Tue Dec 29, 2015 5:39 pm
ACG, it's good to see empirical evidence that massed artillery does what it is supposed to do.
I've only ever used artillery loose in the stack or then in a Division after your post about the efficacy of an Artillery Division. Recapping, artillery are support units and get to fill the frontage allocated to those units no matter where they are in the stack. An artillery Division gets the advantages of a Division commander's bonus, which loose guns in the stack would not. Putting them in a Division by themselves leaves more room in the infantry Division for combat elements. They inflict a lot of damage but don't take much return fire, so the Arty commander is on the fast track to promotion. Athena doesn't form large artillery Divisions, so I get the advantage of massed 12 or 20 lbers vs. her mostly mixed Division 6-lbrs. Even if the overall effect was the same, I would do it so that my infantry Divisions had a quarter more slots for infantry.
The "shield" to my Eastern "sword" is a line of entrenched, mostly militia Divisions. I put one each in St. Louis, Cairo, Evansville, Lexington, Cincy, Ashland, Parkersburg, Wheeling and Pittsburgh. The starting force that McDowell commands becomes the reserve for this shield. I have a few stockades block MD off to protect D.C. Then Grant's Army can attack from a position of strength in the summer of 1862.
Every moving unit takes attrition. Even a token offensive force in MO or KY or an amphib assault force as a diversion, takes hits. If I want replacements for my main thrust, then I have to refill all of the depleted units, east and west. It just doesn't work out.
In a couple threads we've discussed the actual importance of the Mississippi river to the Union. Railroads had pretty much totally replaced it as a necessity for Midwest goods. Union ironclads moved captured cotton up the river after delivering reinforcements, but no real economic reason existed for its liberation. Union newspapers might proclaim that the Confederacy was split in two, but TX and AR did not surrender as a consequence.
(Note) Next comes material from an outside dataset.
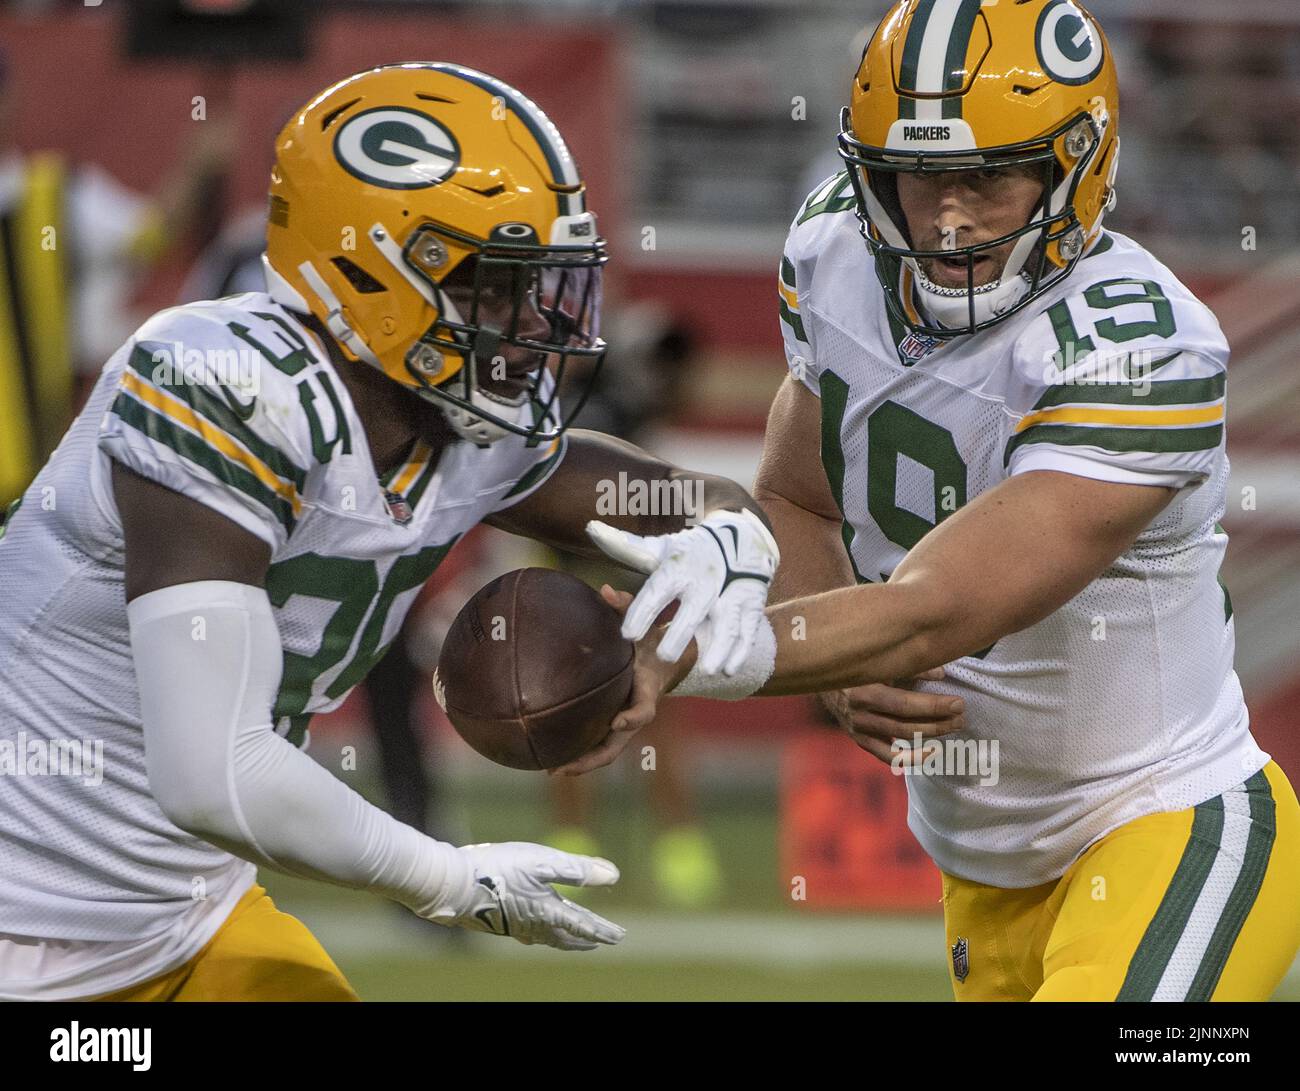 Santa Clara, USA. 13th Aug, 2022. Green Bay Packers quarterback Danny Etling (19) hands off to running back BJ Baylor (35) in the third quarter against the San Francisco 49ers at Levi's Stadium in Santa Clara, California on Friday, August 12, 2022. The 49ers defeated the Packers 28-21 in their first preseason game Photo by Terry Schmitt/UPI Credit: UPI/Alamy Live News Stock Photo

Lee's army did not starve because of the loss of longhorn steaks, but because of the loss of steam engines to pull cargo trains. We all know that taking Ol' Miss was part of the Anaconda Plan and we all equally know that Anaconda was not the plan. The simple fact is that Richmond is worth more than all the other strategic cities combined.
Strategically, VA sticks out like the proverbial sore thumb. The one depot in Garysburg NC connects VA to the rest of the CSA. Even if a second line of depots is constructed (which I would advocate) a force in eastern KY can act against this. Also, partisans can destroy depots all over VA. The peninsula is vulnerable as well as Albemarle sound. A thrust from Williamsburg VA has a dry route to the capital with no rivers to cross. Power numbers don't mean much for me. The elite Union force I have above contains mostly line infantry that the CSA pool does not match. The command effect of Lee and Grant cancel out, but down where the rubber meets the road, good infantry and big guns will make the difference.
I'm the 51st shade of gray. Eat, pray, Charge!